**Exercise aim:** The required answer is the data below, restated word for word with images omitted.

**Data block:**
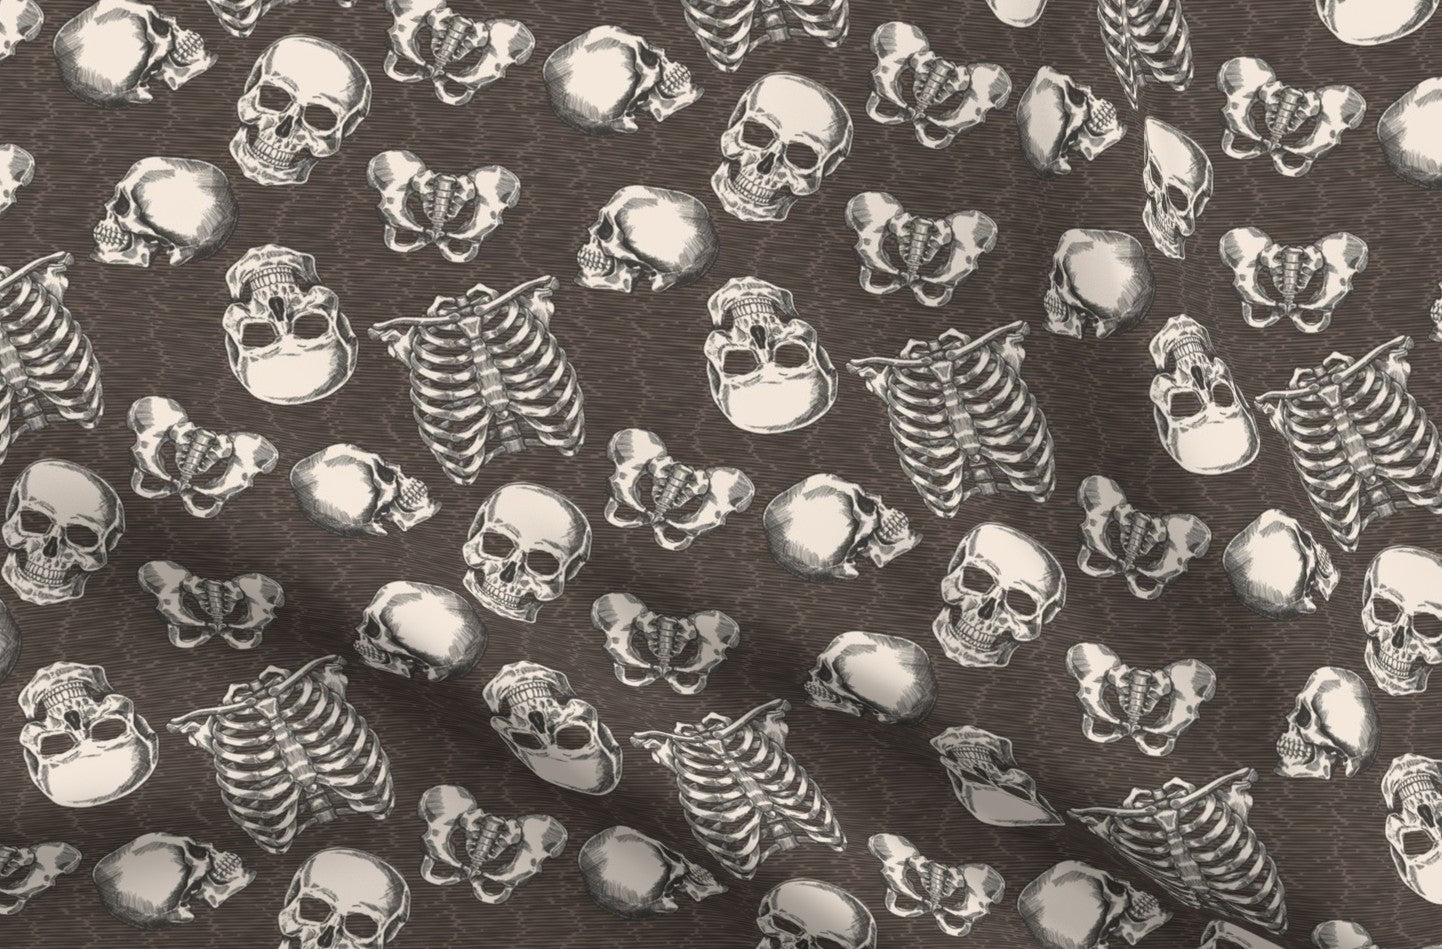 Dem Bones (Sepia) Printed Fabric by Studio Ten Design
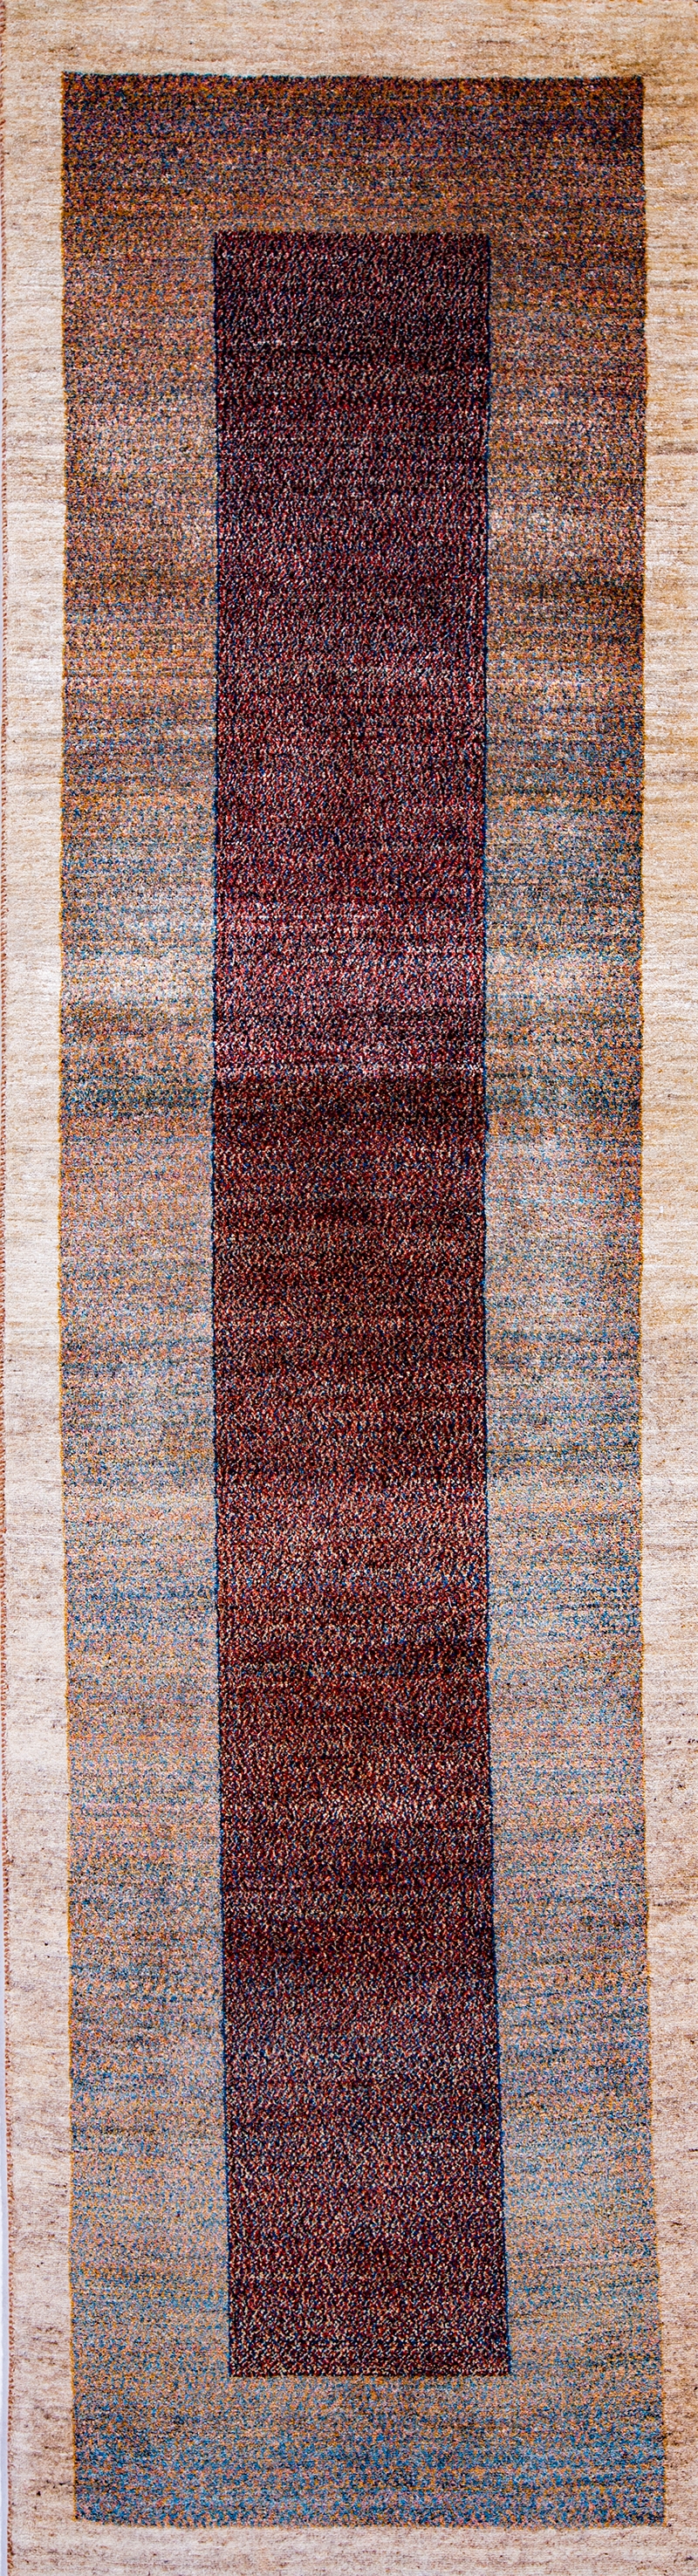 Speckled Chimera Runner Gabbehs Abstract Plain Kashkuli 75 x 278cm Kopie
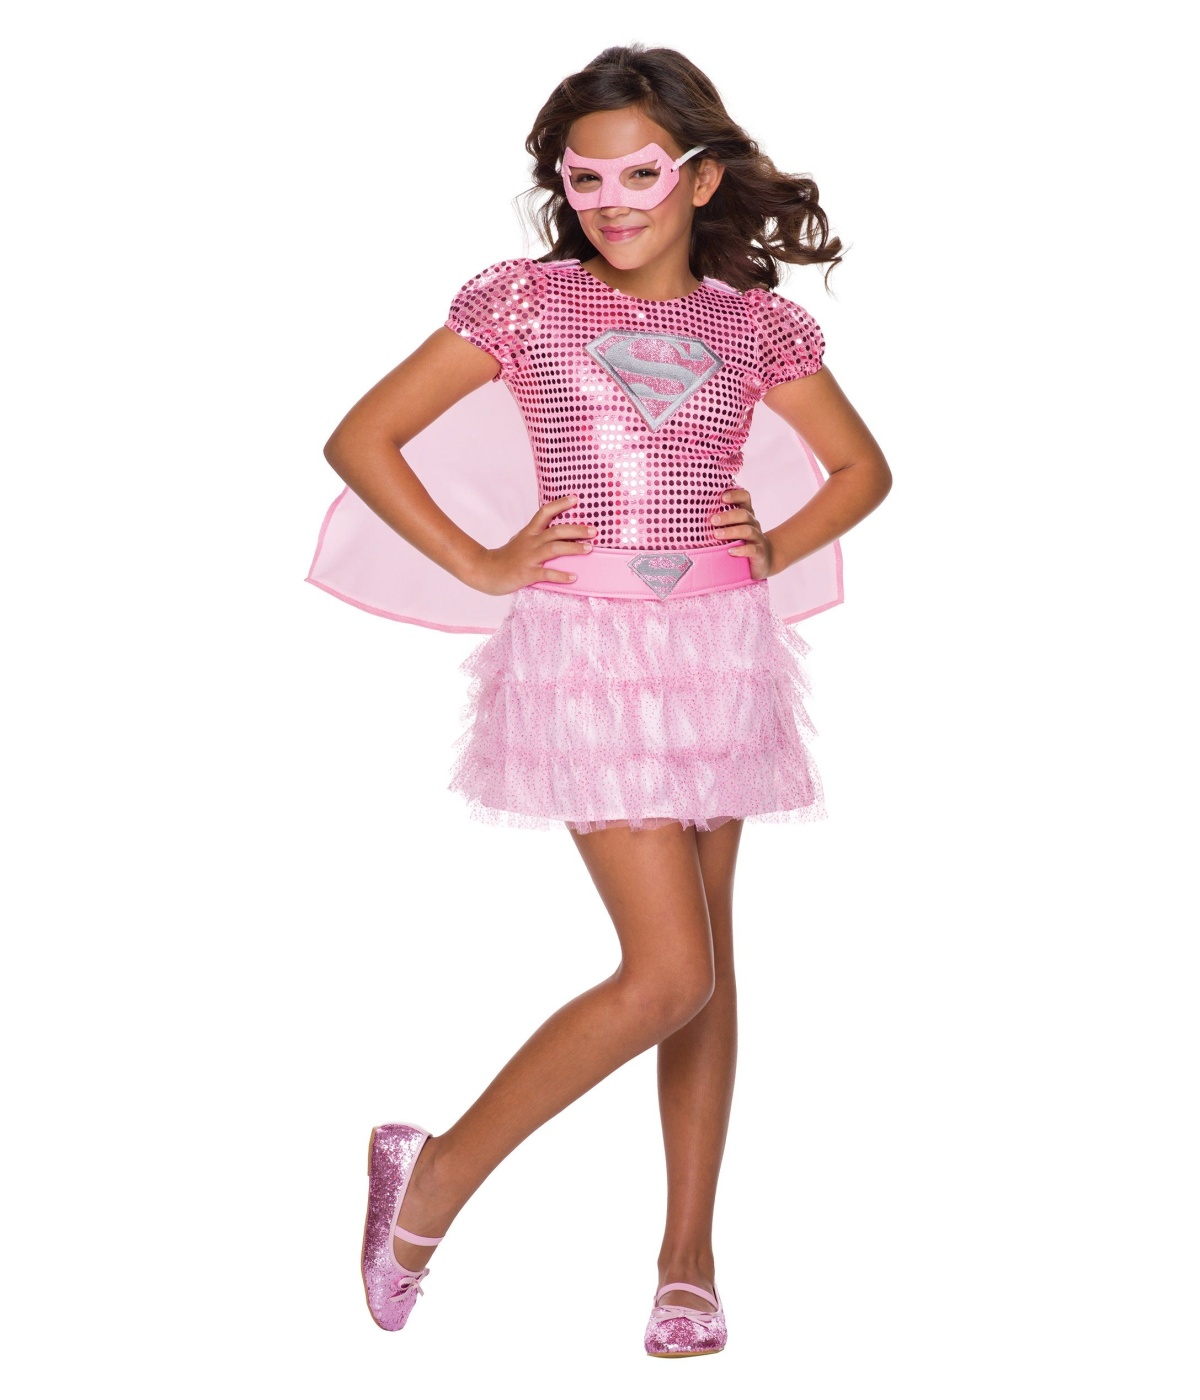  Girls Super Pink Costume
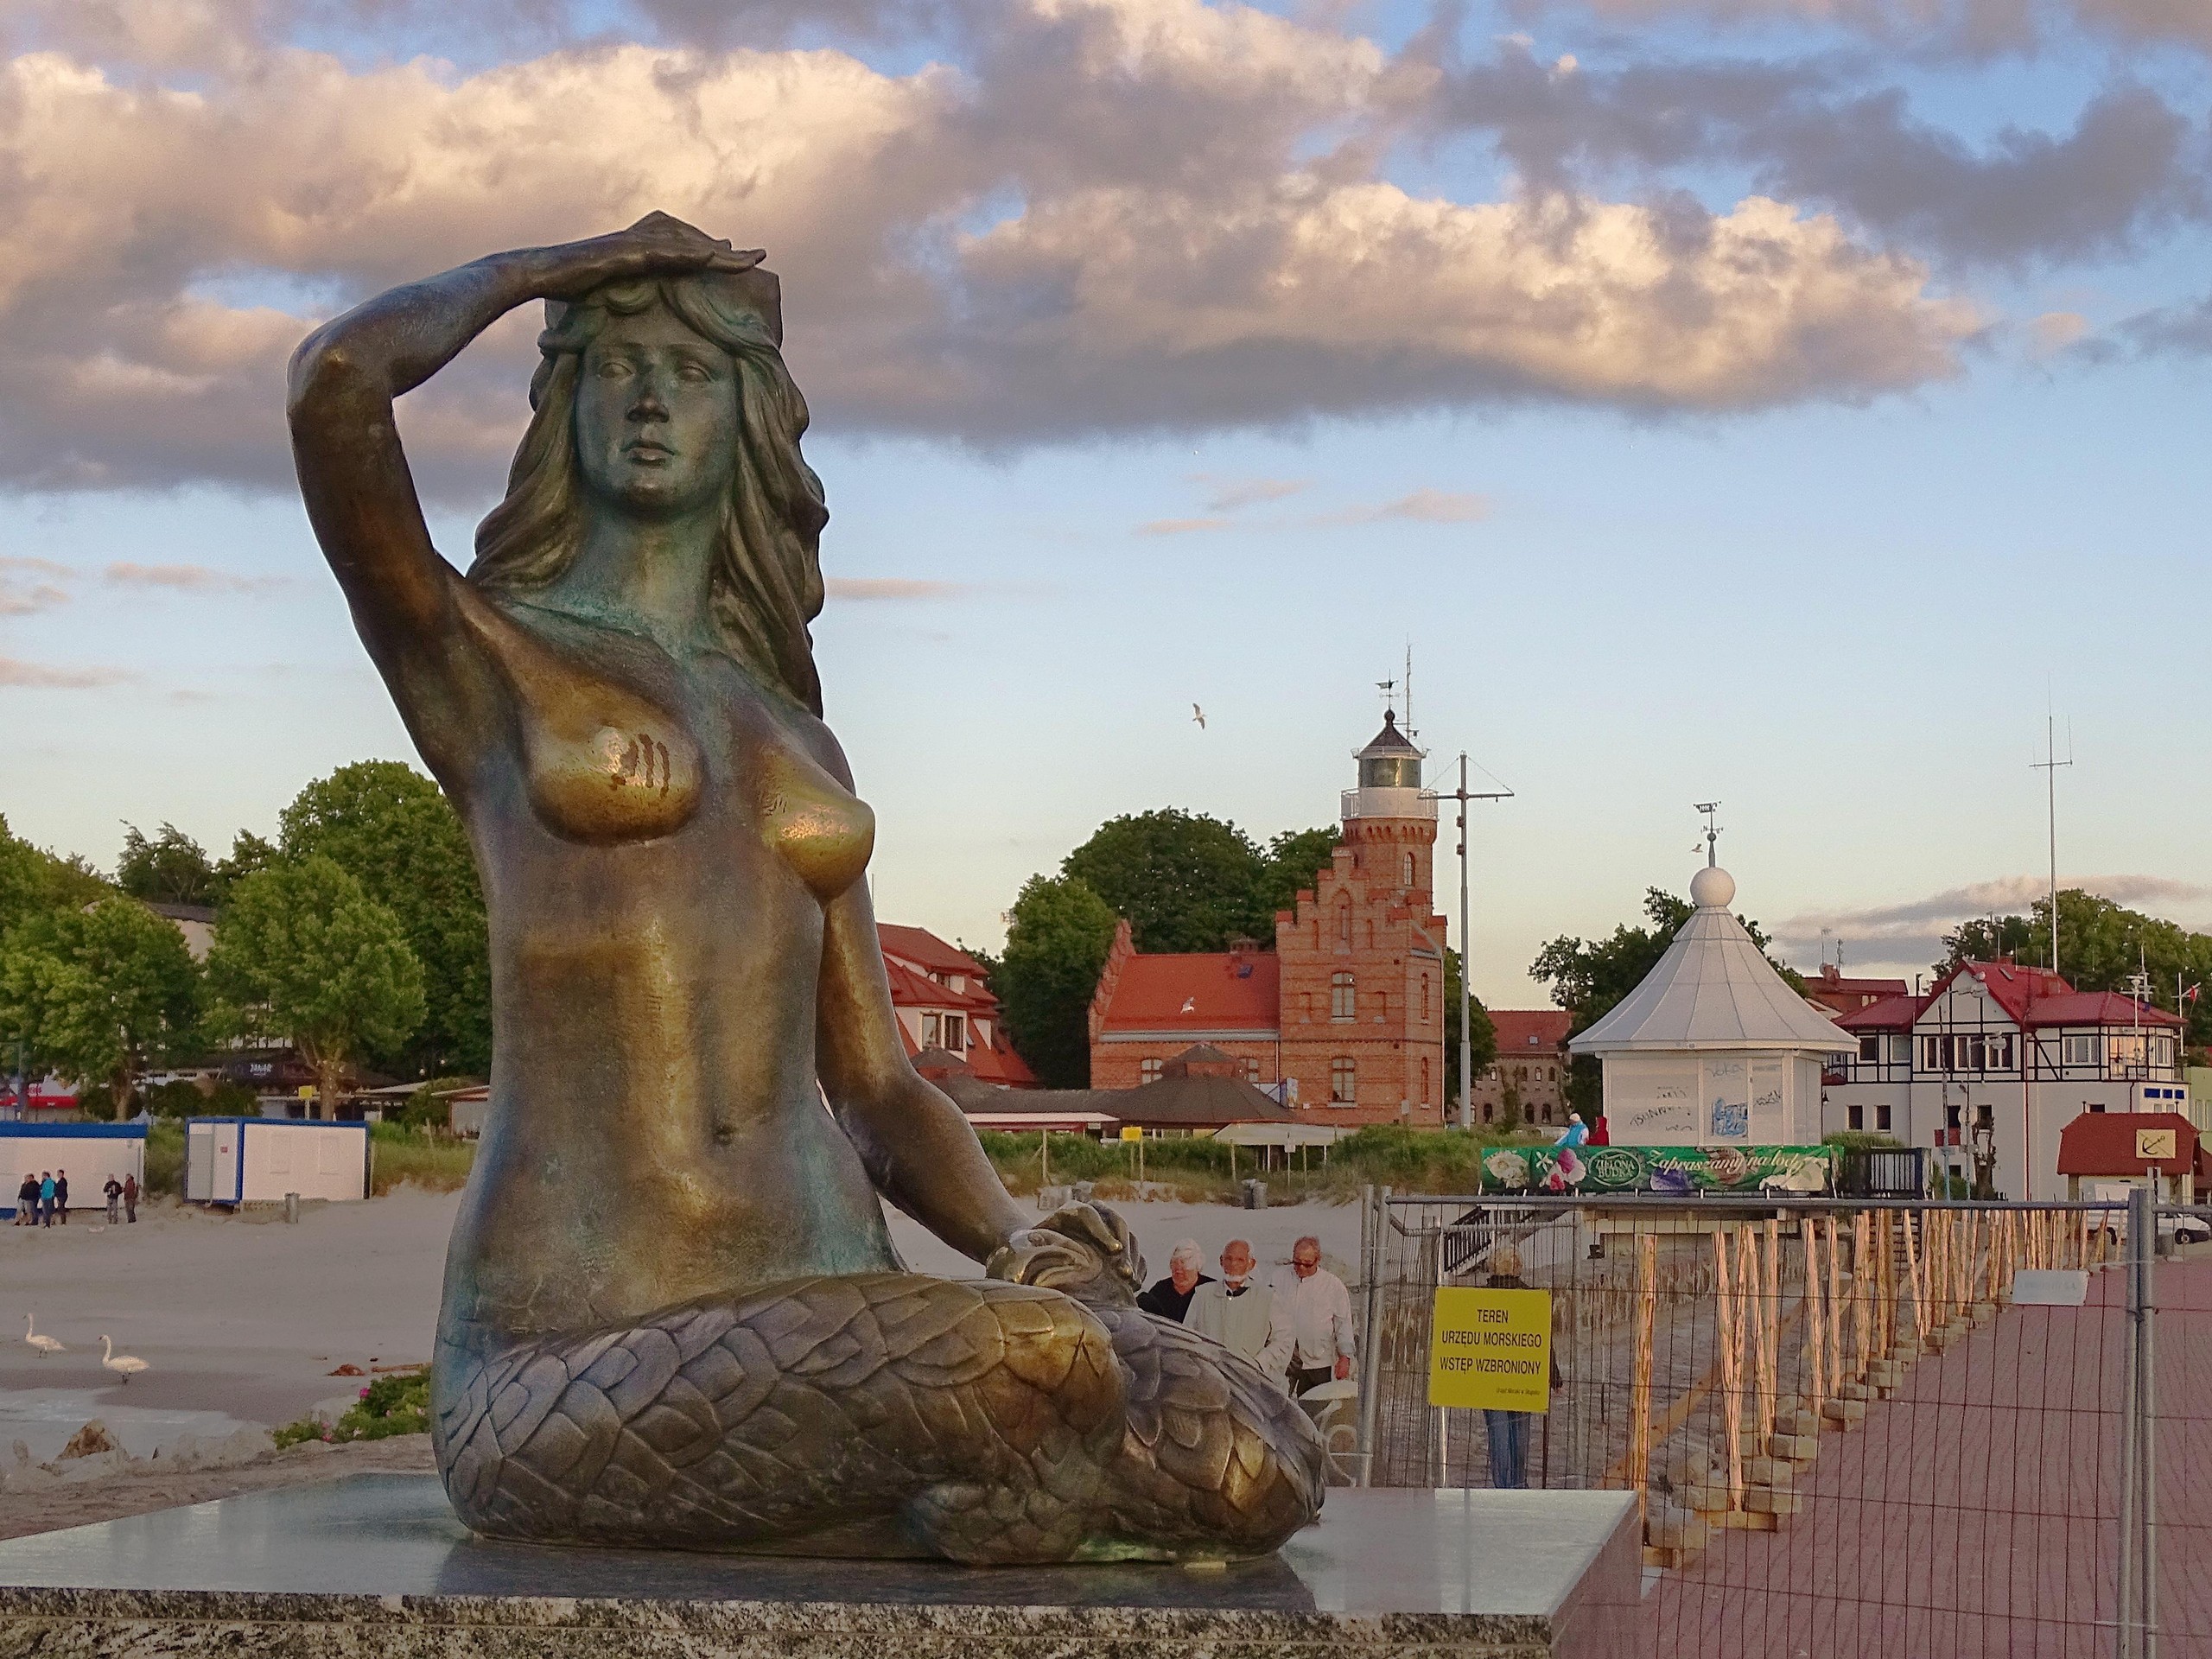 Mermaid statue in Poland

**Result of this task:**
 Dem Bones (Sepia) Printed Fabric by Studio Ten Design
 Speckled Chimera Runner Gabbehs Abstract Plain Kashkuli 75 x 278cm Kopie
  Girls Super Pink Costume
 Mermaid statue in Poland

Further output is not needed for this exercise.